Human roles do not disappear just because models get better. Plastic surpassed paper and glass on many practical dimensions, yet people still associate it with cheapness. That same sense of cheapness still clings to content generated by large language models. However good a prepared meal becomes, there will always be people who insist that a chef’s flame and private recipe are in another league.

But technological equalization has never cared much about those aesthetic snobberies. First you let most people access what was previously fenced off by professional barriers or price barriers. Only afterward do people debate purity.

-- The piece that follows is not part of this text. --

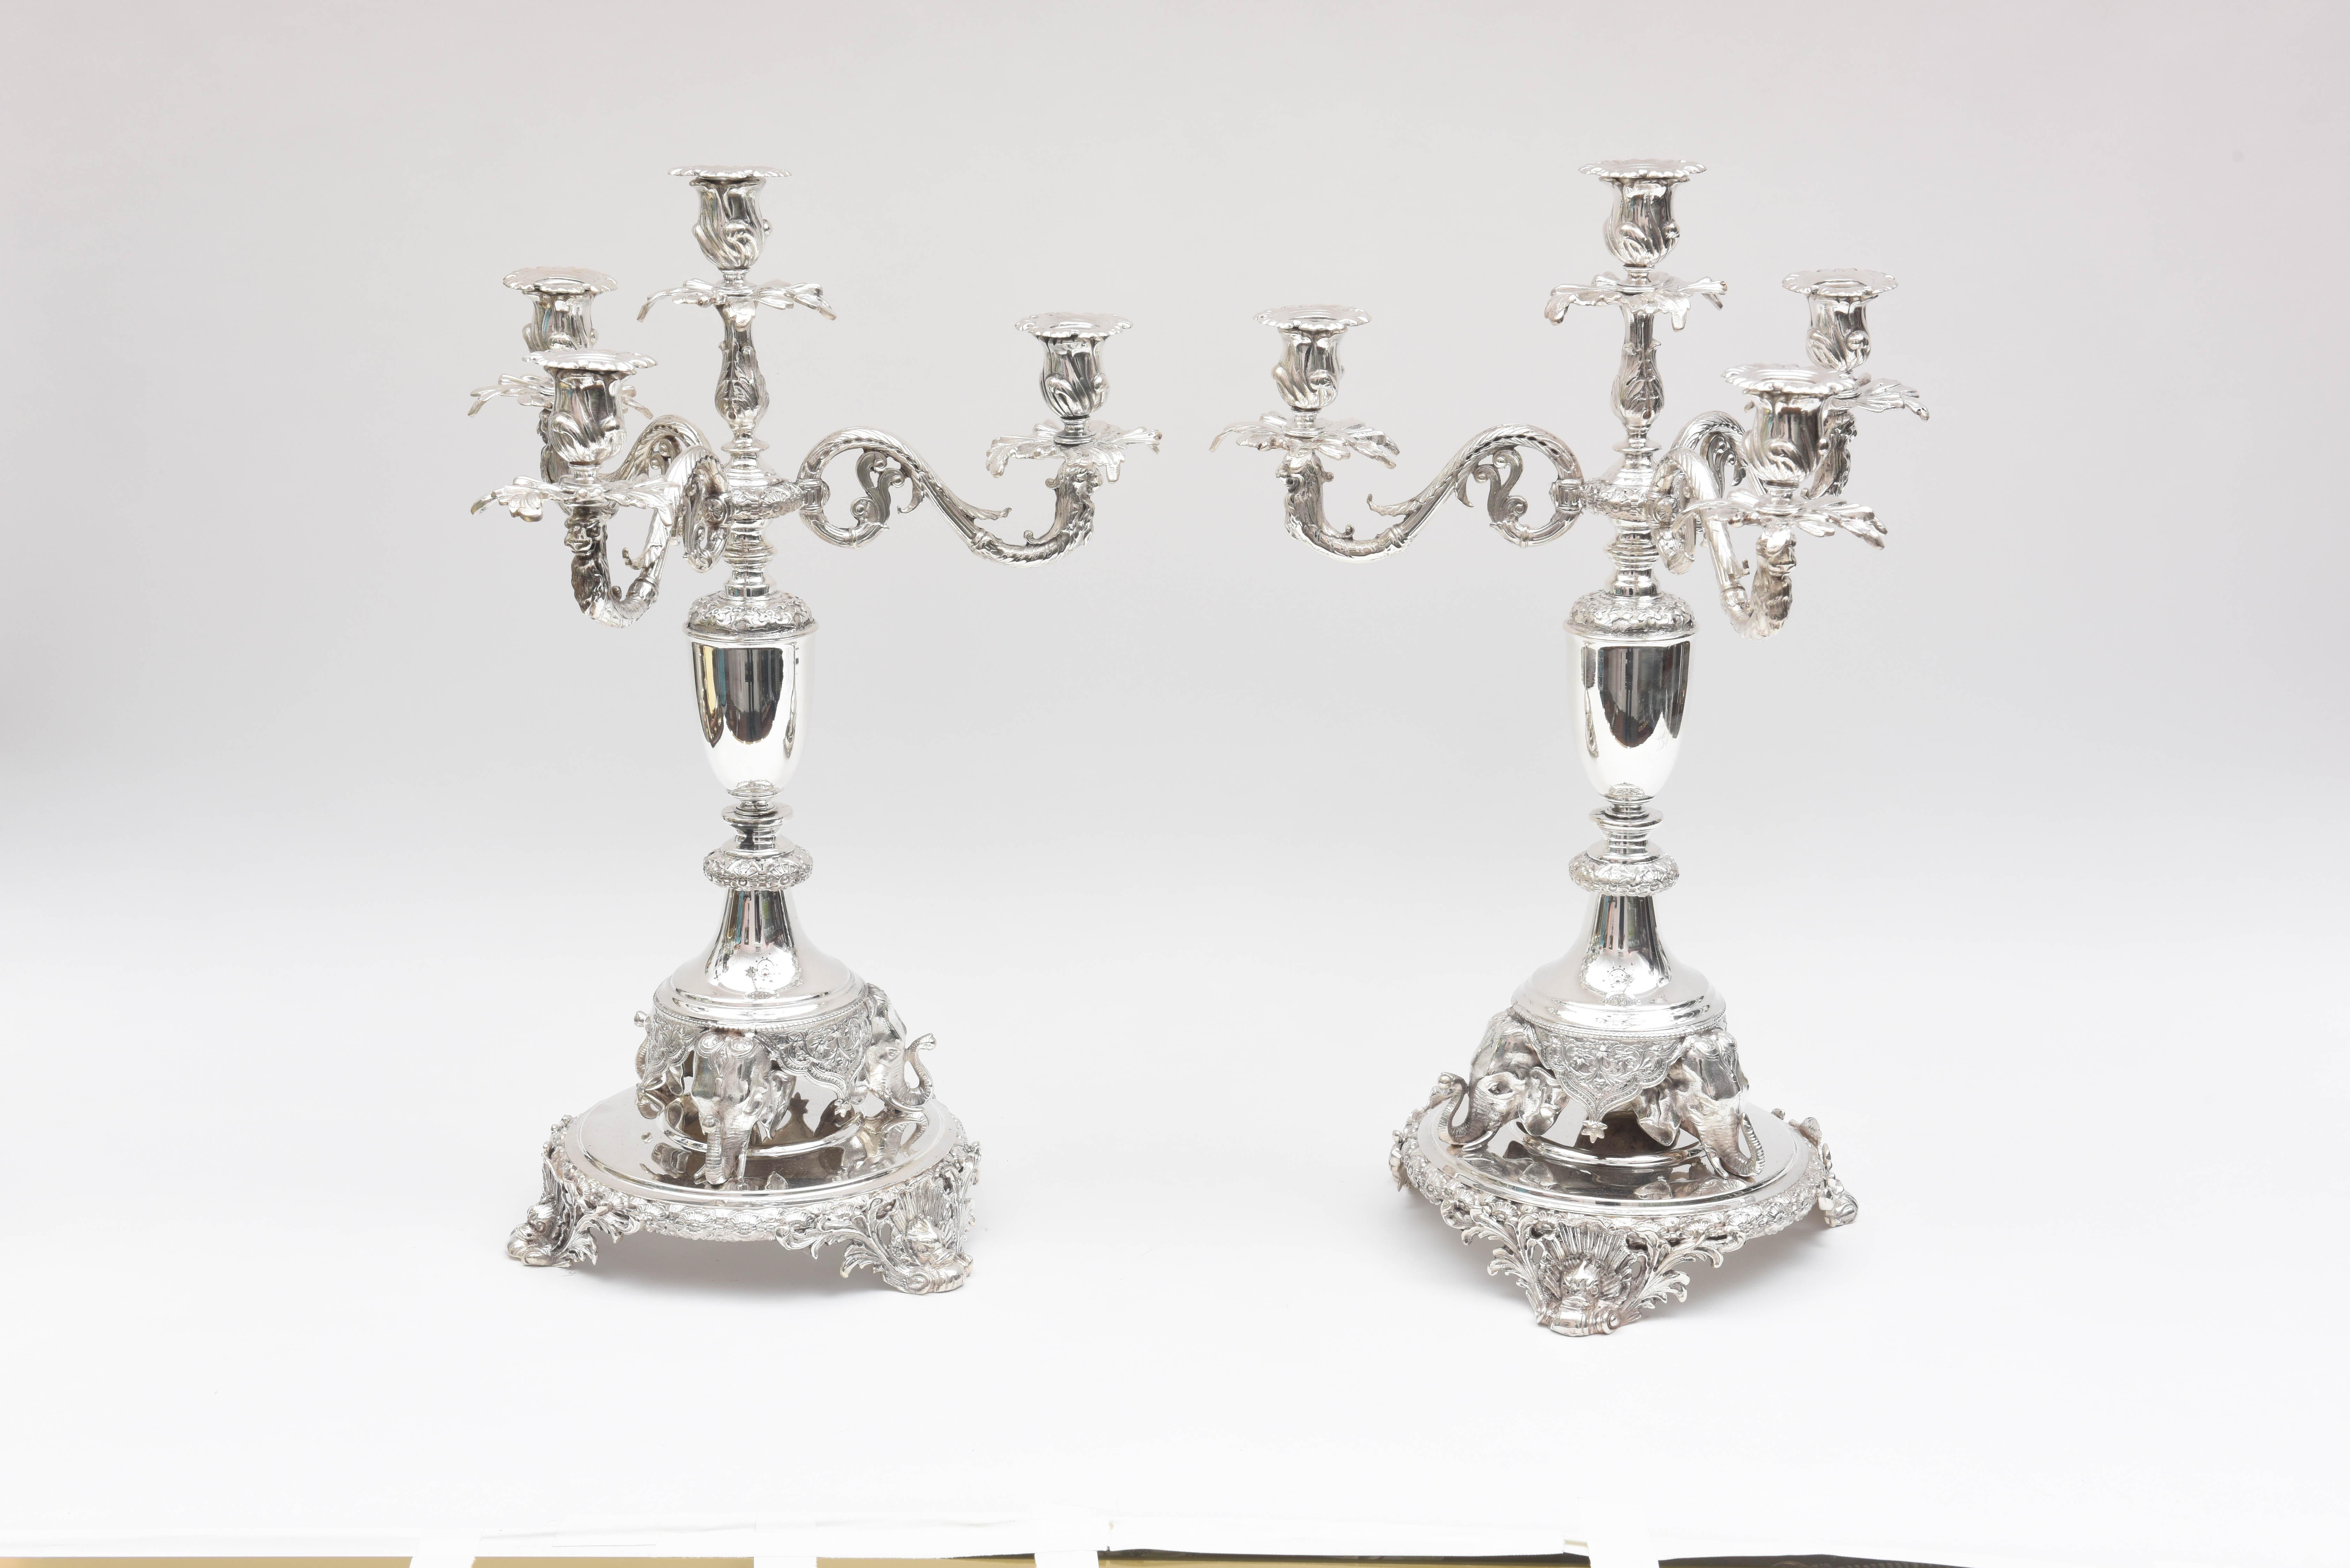 A tall and well chased set of 2 elegant candelabra with figural tripartite elephant feet. They are raised on scrolled platform bases with dolphin and shell flourishes to their feet. They are in fine vintage condition and are show stopping stunning.
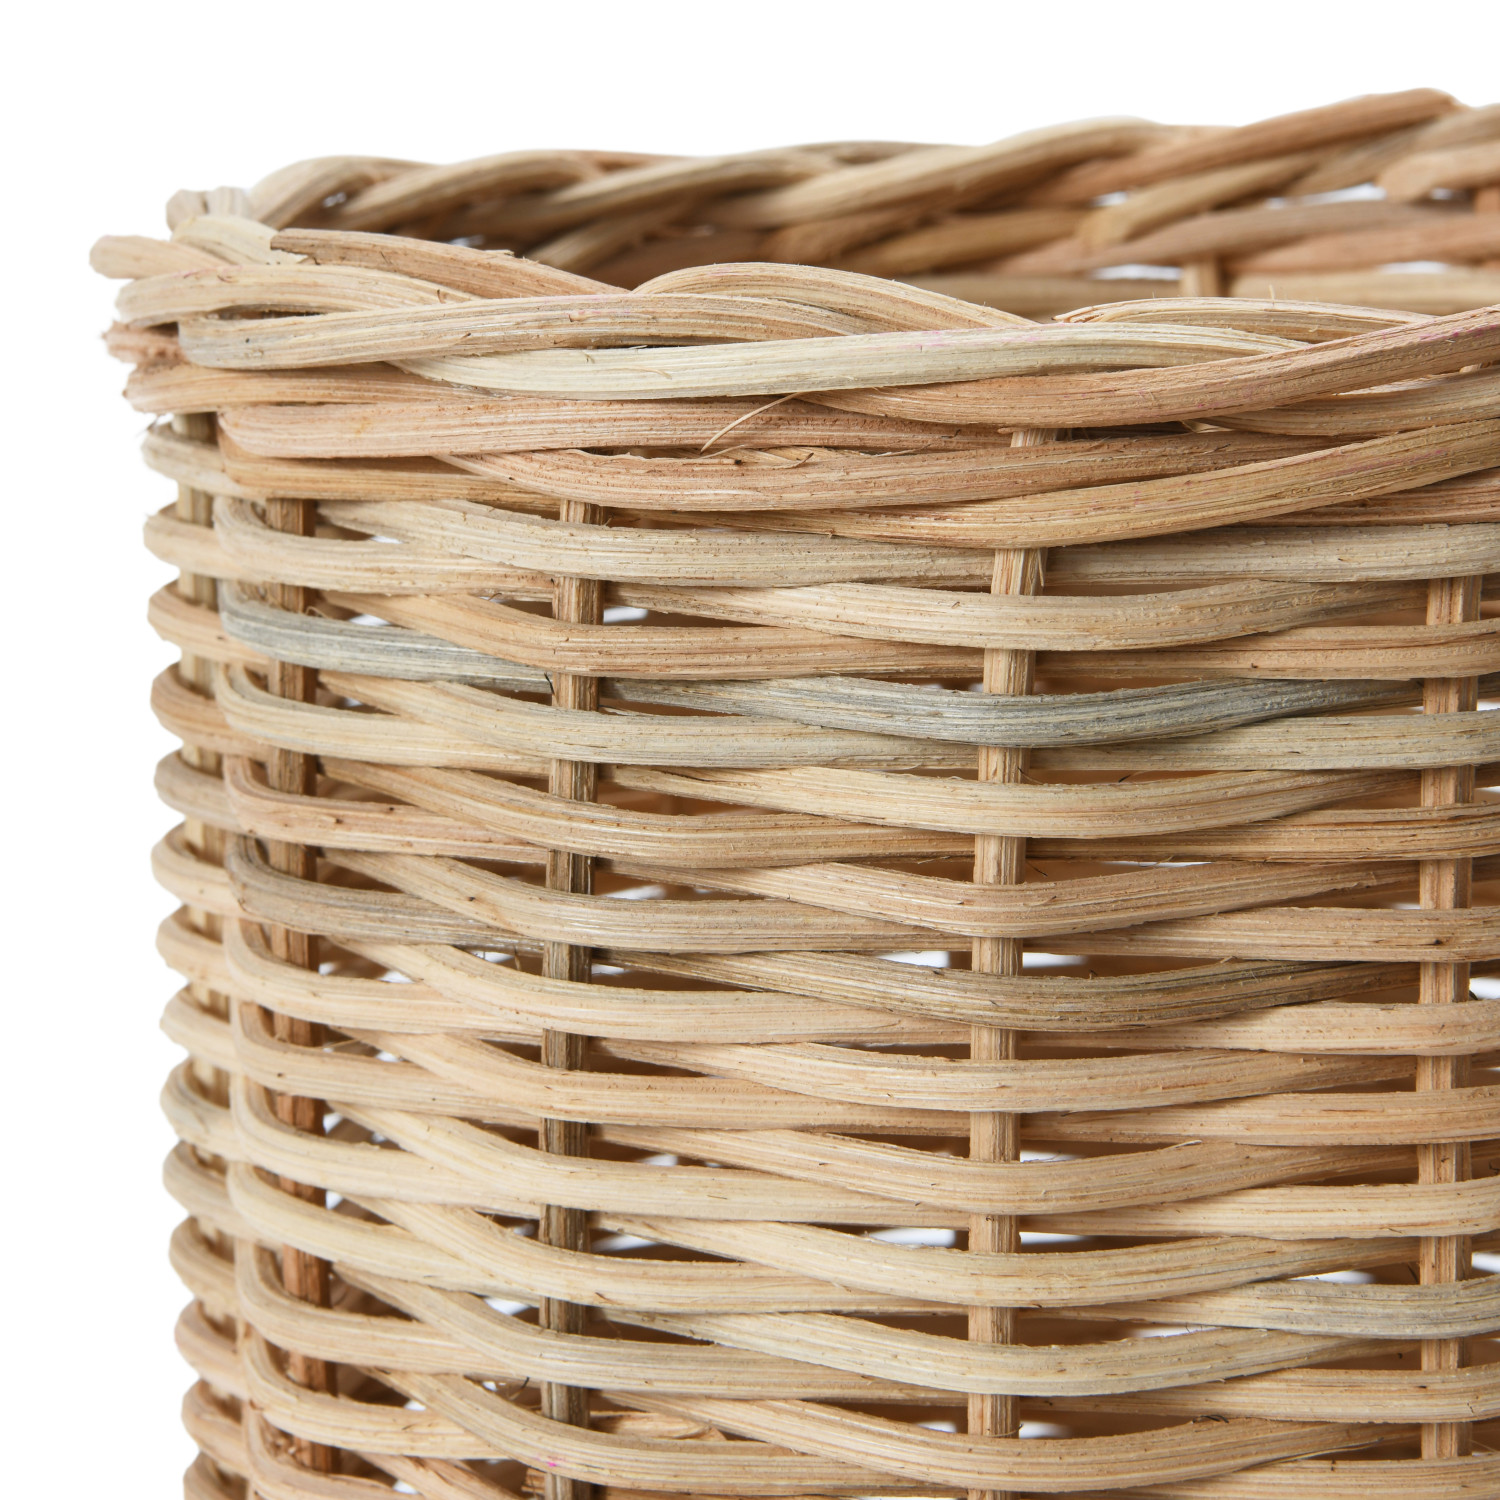 Hand-Woven Wicker Basket/Container, Set of 2

It is also worth admitting that some occupational prestige in modern society was inflated to begin with. Take programmers and civil servants: for the past decade or two, the premium attached to those roles has been unusually obvious. In a world where nearly everyone can code a little and draft a competent report, some of that premium should naturally fade.

That does not stop people from offering advice as if the world were static and old formulas still held. Better to look at the underlying problems and use cases a profession exists to solve. If the problem remains and the scenario remains, the profession remains. If the problem can now be solved cheaply, or the scenario that created the problem disappears, the profession will fade on its own.

What people need to learn now

Even in a specialized form, the underlying knowledge base of these models is at least at roughly a GPT-4 level, which already puts them beyond the average undergraduate and probably beyond many graduate students in broad knowledge recall.

That creates an awkward situation for universities. If higher education continues to emphasize knowledge delivery in the old way, it risks graduating students whose stock of explicit knowledge is weaker than the models they use, while also failing to train them in identifying and handling real-world problems.

Paradoxically, as large language models move toward specialization and collaboration, human training may need to move in the opposite direction—toward more integrated individuals. Not all-powerful individuals, but people who can effectively draw from the whole human knowledge commons, with large language models included as one part of that commons.

The more tightly work is tied to concrete situations and specific problems, the more room remains for human initiative. At least for now. Whether that remains true for the next 10,000 days is another question entirely.

History is getting shorter

Under current technological conditions, history itself feels compressed. What counted as advanced technology a few weeks ago may already be obsolete today. Yet society has not built schools capable of teaching history on that timescale. Sometimes we do not even finish reviewing one phase before the next phase has ended.

There is no need for panic, though. Human problems still need human beings involved in solving them. It may be wiser to give up some unnecessary desire for control. Artificial intelligence is, in the main, a good thing. People say they fear it will take jobs, but more often what they really fear is that it will take wages. If technological equalization driven by AI lowers the cost of living, it may also give people more free time.

Whether modern people, shaped by modern systems of discipline, would know how to enjoy that extra life is another question—one even a large language model might hesitate to answer.